Office Holdings, owner of Office and Offspring shoe shops, is said to be the latest high-profile retailer to consider entering a company voluntary arrangement (CVA) – so what’s a CVA, and why are they so popular?
In recent weeks, clothing and accessories merchant Monsoon Accessorize, and the Arcadia Group – home to brands such as Topshop and Miss Selfridge – both entered CVAs, while floor covering specialists Carpetright engaged in the procedure in 2018.
There are several reasons debtors prefer CVAs to other formal insolvency procedures such as administration. Firstly, directors lose control of their business when a company enters administration, and the procedure can be prohibitively expensive.
With a CVA, however, directors get to retain control; shed much of the company’s debts; and build up cash reserves to the proposal stage, which usually makes the business more competitive moving forward.
Usually in these circumstances, creditors are apathetic and allow themselves to be bluffed by debtors who say things like: “I’m offering to repay 30p in the pound, and if you don’t accept the terms of the CVA proposal the company will go into liquidation and you’ll probably end up receiving just 10p in the pound.”
This happens because so few creditors understand that simply by uniting as early as possible during the proposal stage they can either block the CVA or force the debtor to increase the size of their dividend.

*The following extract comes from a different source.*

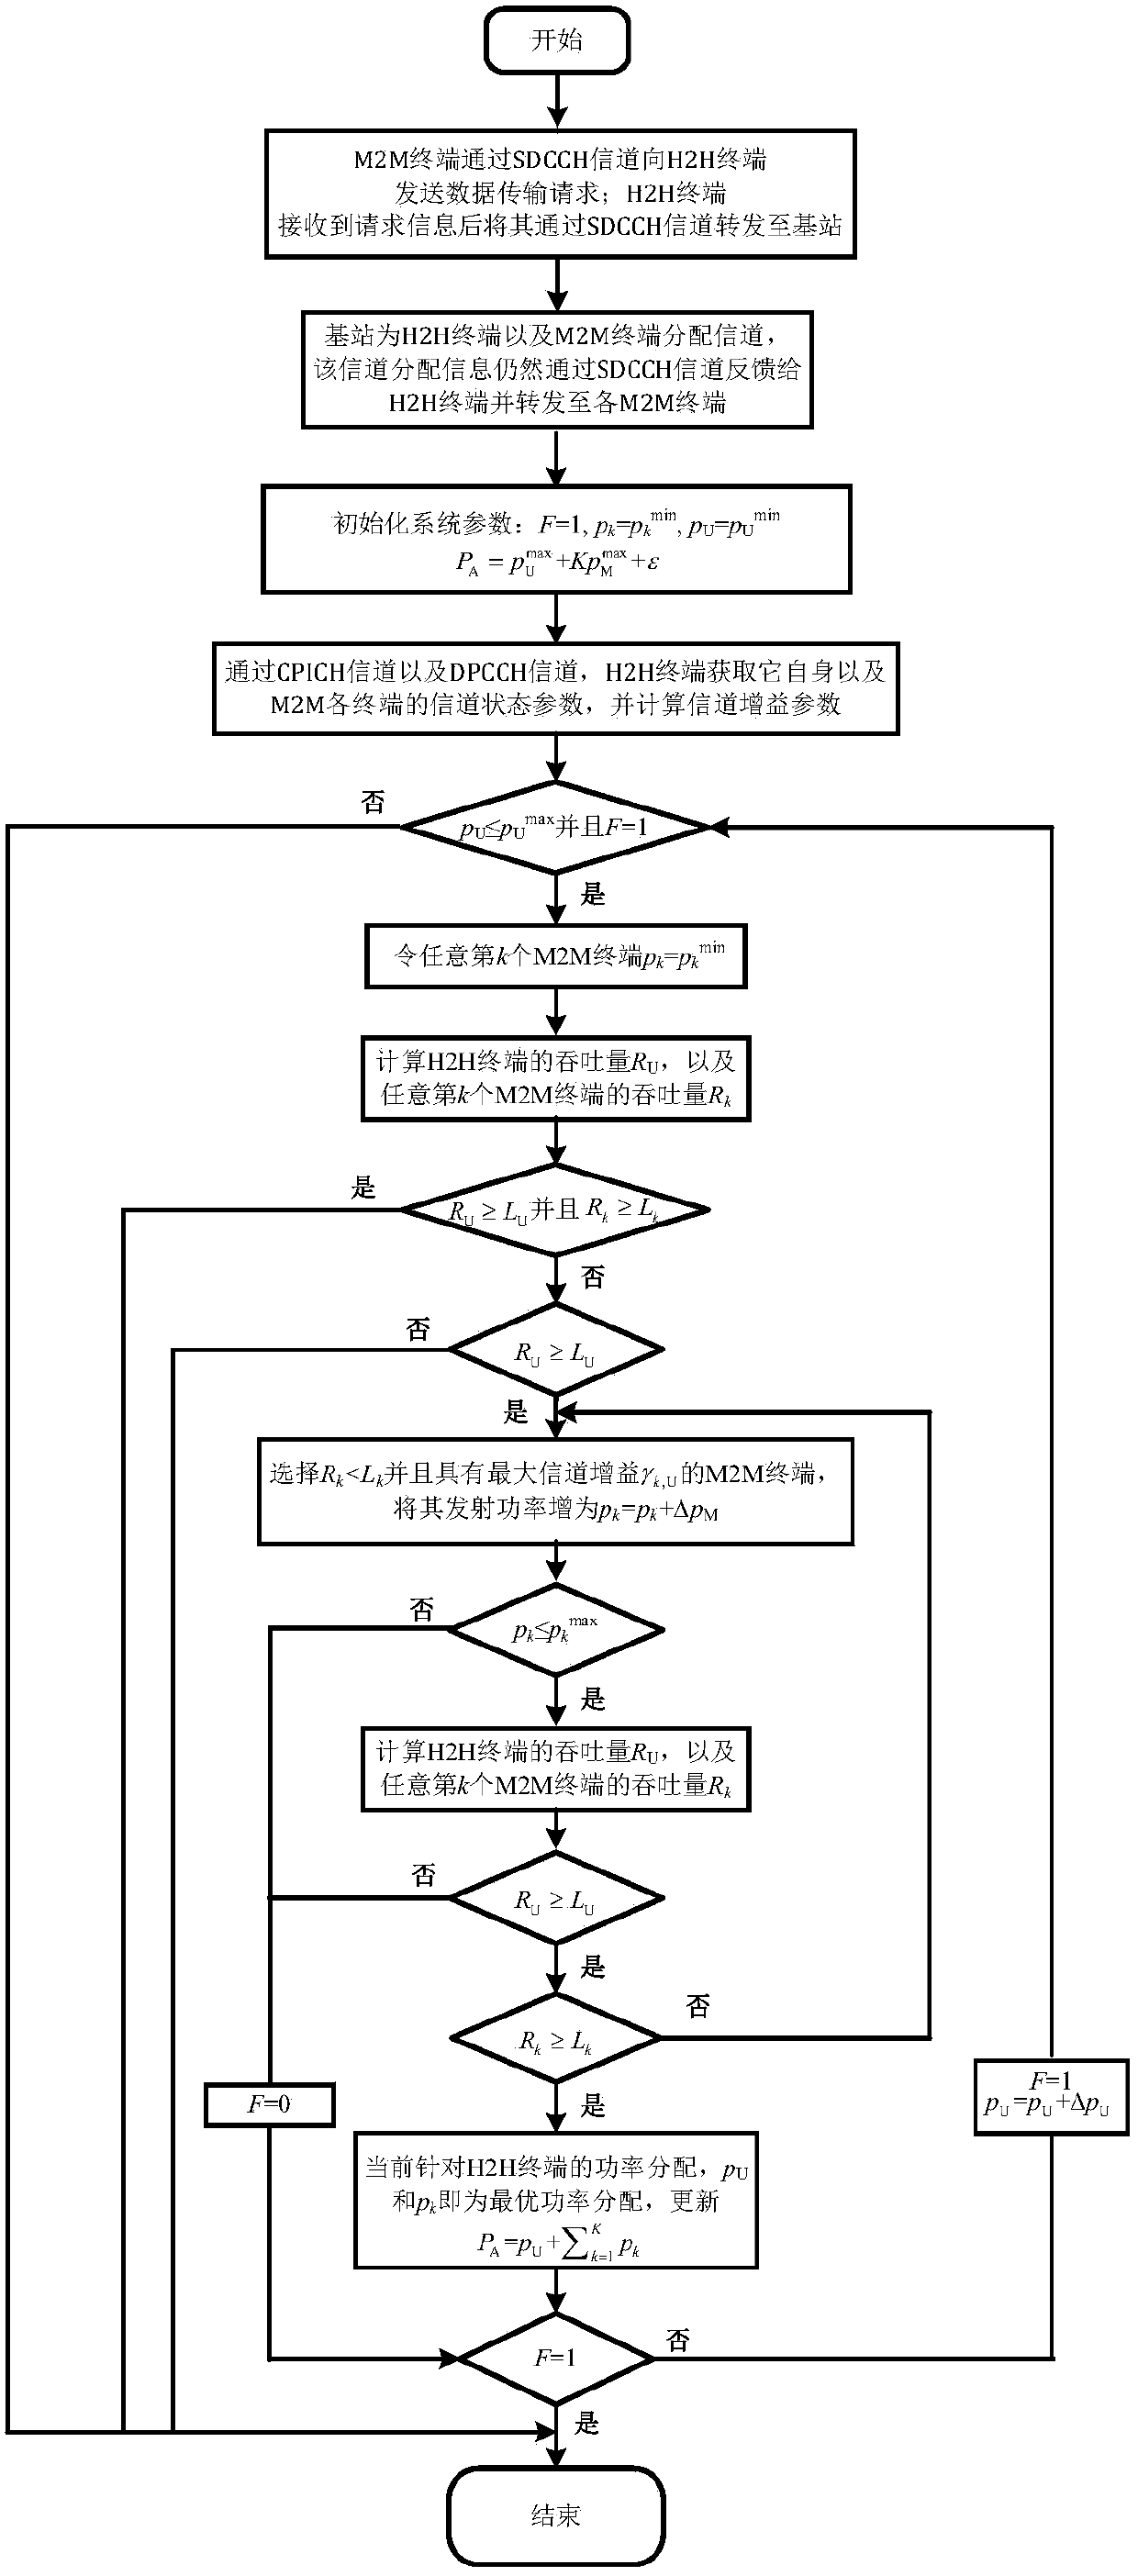 Coordinated control method for transmit power of h2h and m2m terminals in mobile network

For example, if a debtor is offering to repay 30p in the pound, a group comprising at least 26% of creditors can reject the CVA proposal and insist on the inclusion of modifications that increase the amount to 50p.
The bottom line is, a debtor who can afford to repay 30p in the pound can afford 10p more, and at a push they could probably afford to repay another 10p.
Subsequently, in most cases if a debtor refuses to give you 50p in the pound, it’s probably best to accept that your money’s gone, and deprive them of their company. After all, who has more to lose; you or them?